> _Given data_

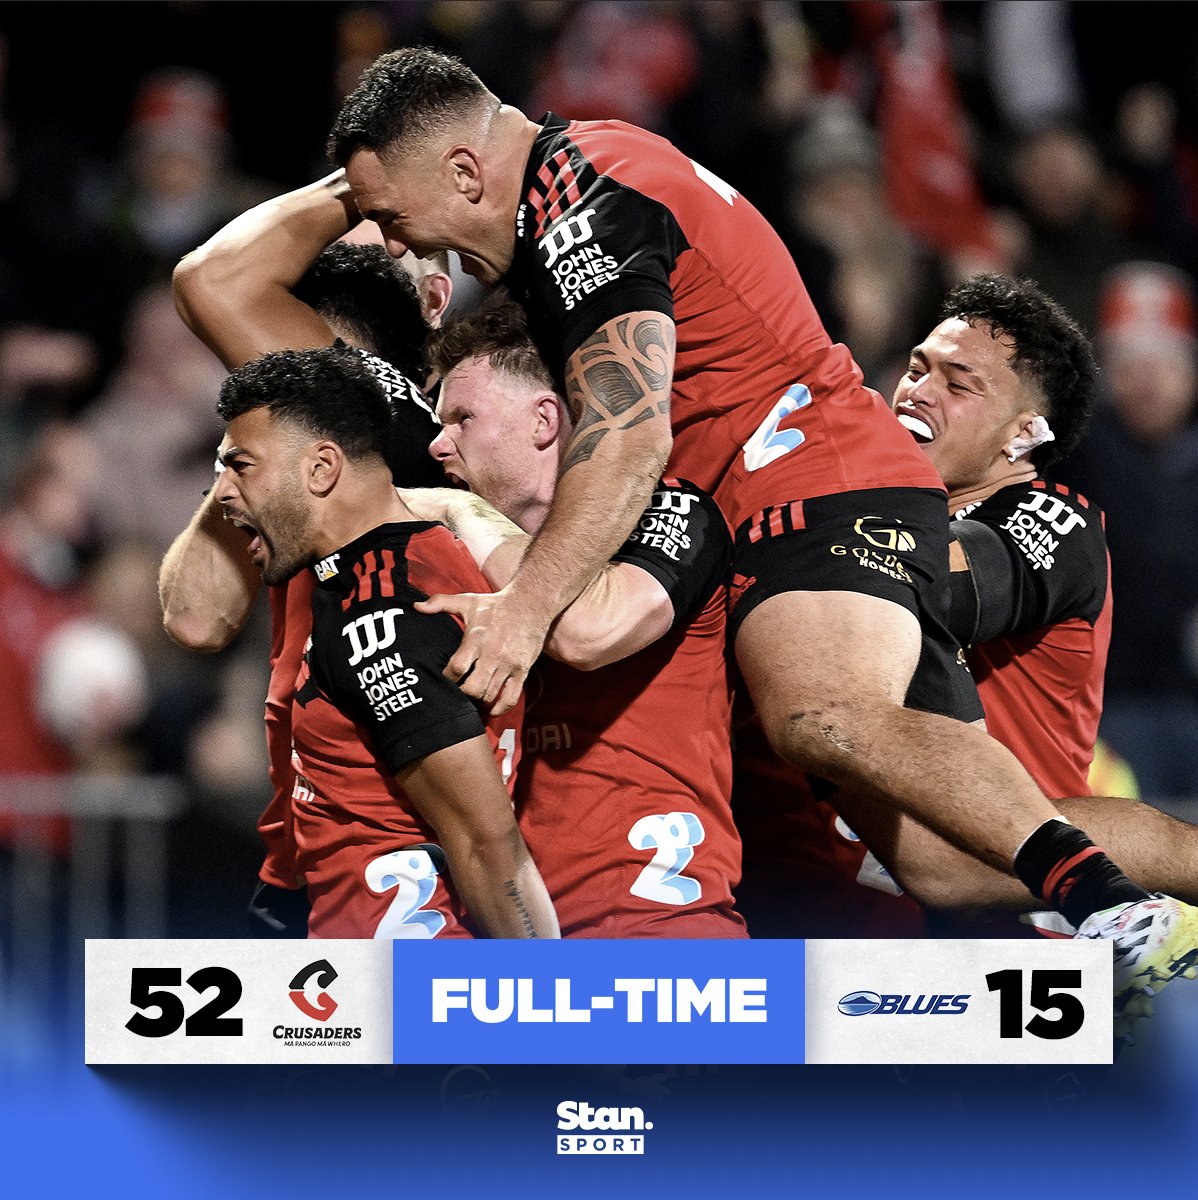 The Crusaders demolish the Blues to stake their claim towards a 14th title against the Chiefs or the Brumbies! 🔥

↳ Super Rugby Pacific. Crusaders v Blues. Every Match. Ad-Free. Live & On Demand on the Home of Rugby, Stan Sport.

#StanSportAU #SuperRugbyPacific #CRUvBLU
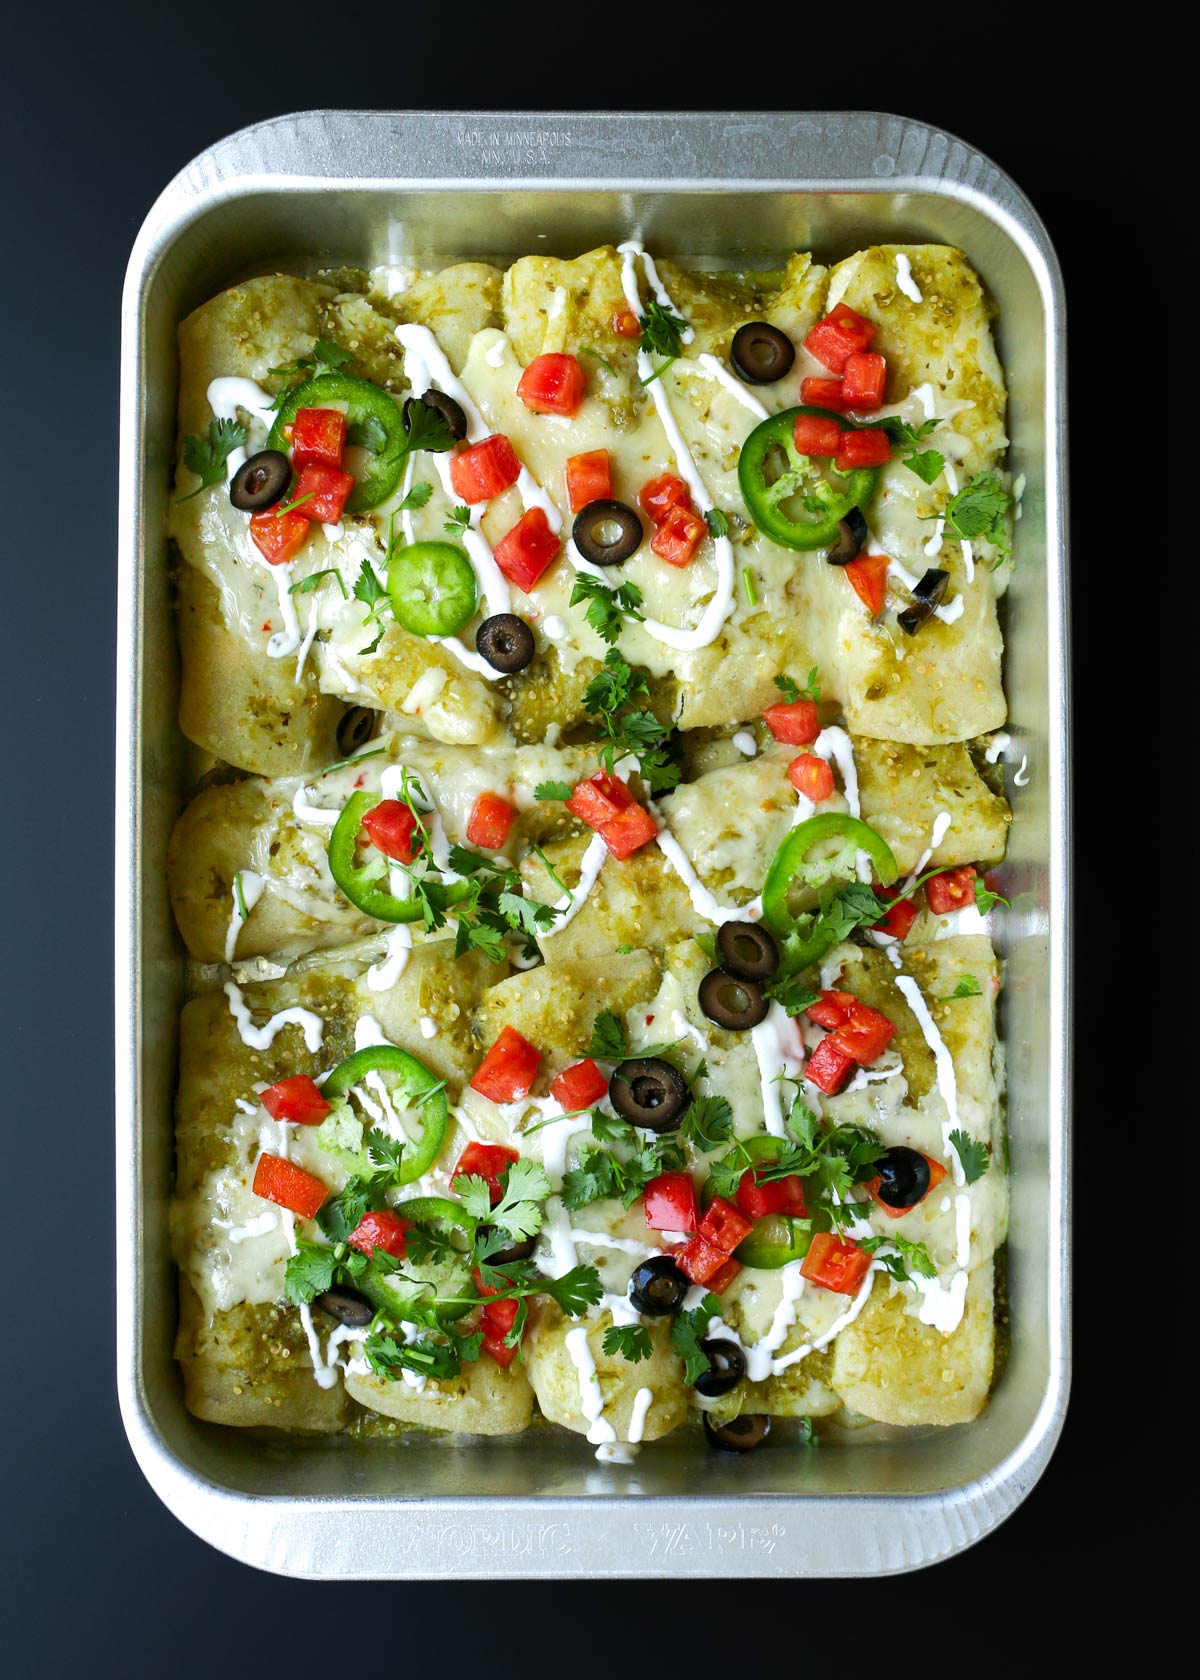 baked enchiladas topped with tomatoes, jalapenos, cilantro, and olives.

> _Problem_
Once the pictures are set aside, repeat the remaining data word for word.

> _Response_
 The Crusaders demolish the Blues to stake their claim towards a 14th title against the Chiefs or the Brumbies! 🔥

↳ Super Rugby Pacific. Crusaders v Blues. Every Match. Ad-Free. Live & On Demand on the Home of Rugby, Stan Sport.

#StanSportAU #SuperRugbyPacific #CRUvBLU
 baked enchiladas topped with tomatoes, jalapenos, cilantro, and olives.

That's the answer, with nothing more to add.